Paladin Energy Ltd. (PDN) said it’s frozen plans to invest in a new processing plant at its Langer Heinrich uranium mine in Namibia after the price of the nuclear fuel fell below the level needed to justify the spending.
“With current pricing it’s not economic to start new investments, we need at least a price of $70 a pound of uranium,” Langer Heinrich Managing Director Simon Solomons said in an interview yesterday at the mine, situated 80 kilometers (50 miles) north-west of Swakopmund in the south-west African country.
The new plant would have been part of an expansion aimed at raising output to 8.5 million pounds of uranium oxide a year. The facility now has capacity of about 5.2 million pounds a year, sold to three converters in France, Canada and the U.S.
Plans for the new processing plant may be reconsidered in about two years, Solomons said. Banks are unwilling to bet on a recovery in uranium prices after they fell to about $34 per pound following the Fukushima nuclear plant shutdown in Japan three years ago, he said.

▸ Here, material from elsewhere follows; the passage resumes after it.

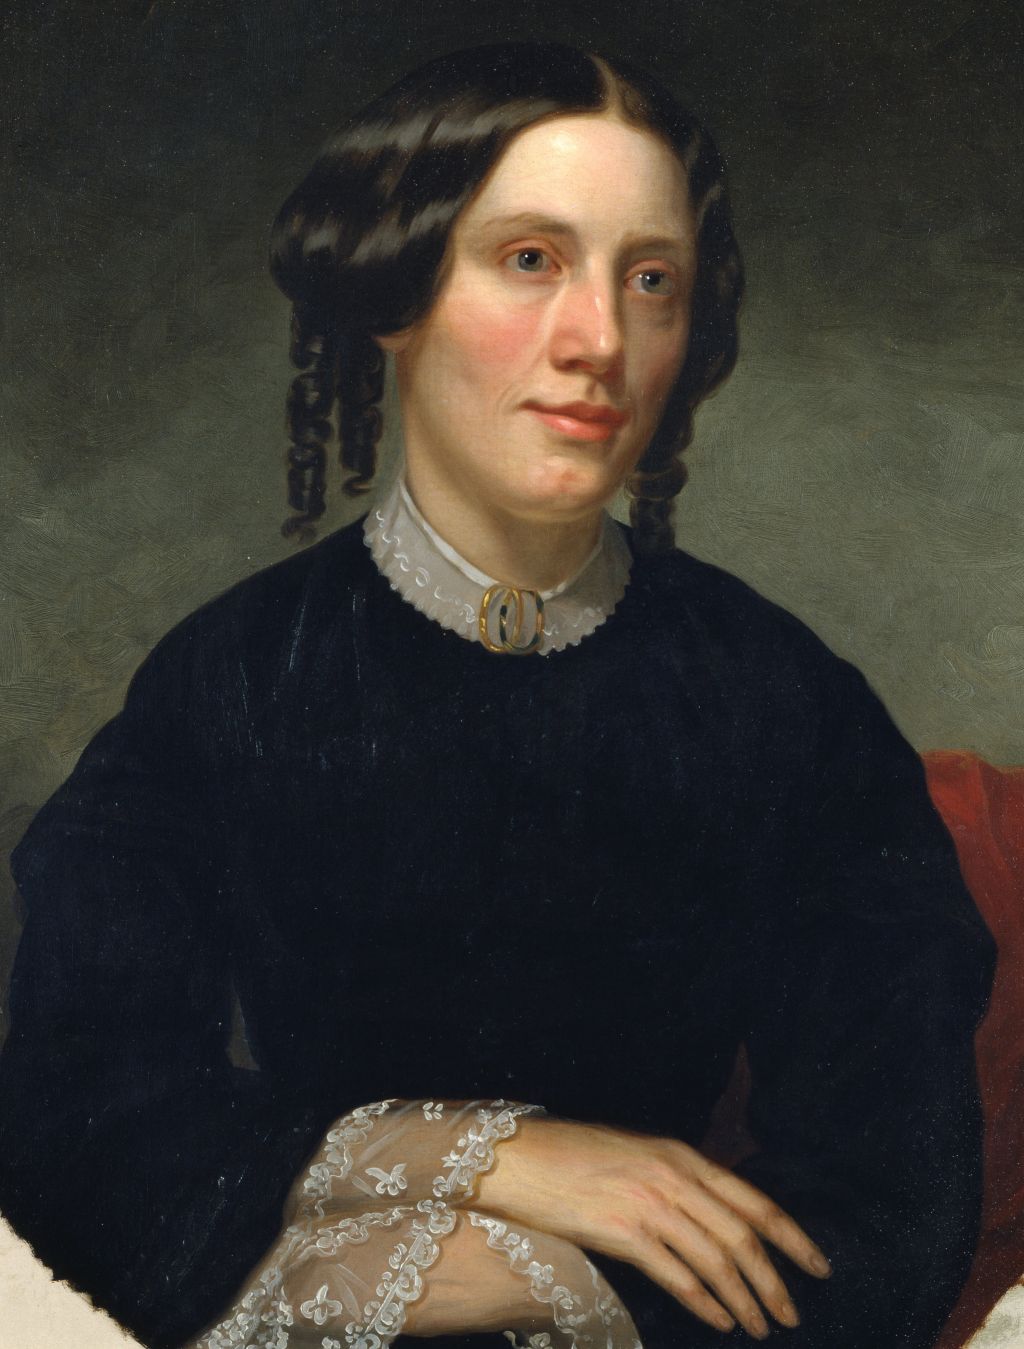 Alanson Fisher painted Harriet Beecher Stowe in 1853. National Portrait Gallery, Smithsonian Institution.

“The biggest strain on producers right now is not so much the current situation but the future movement of the price,” Solomons said. “The expectation is that the price goes up but whether it goes up to above $70 nobody knows. The price is unlikely to turn around until Japan makes a firm commitment on how many reactors it’s going to bring back.”
Paladin, based in Subiaco, Australia, is in the process of selling a 25 percent stake in the Namibian mine to China Nuclear National Corp. for $190 million. The Chinese state-owned operator “isn’t going to raise its shareholding in Langer Heinrich but they may be interested in some of our other projects, worldwide,” Solomons said.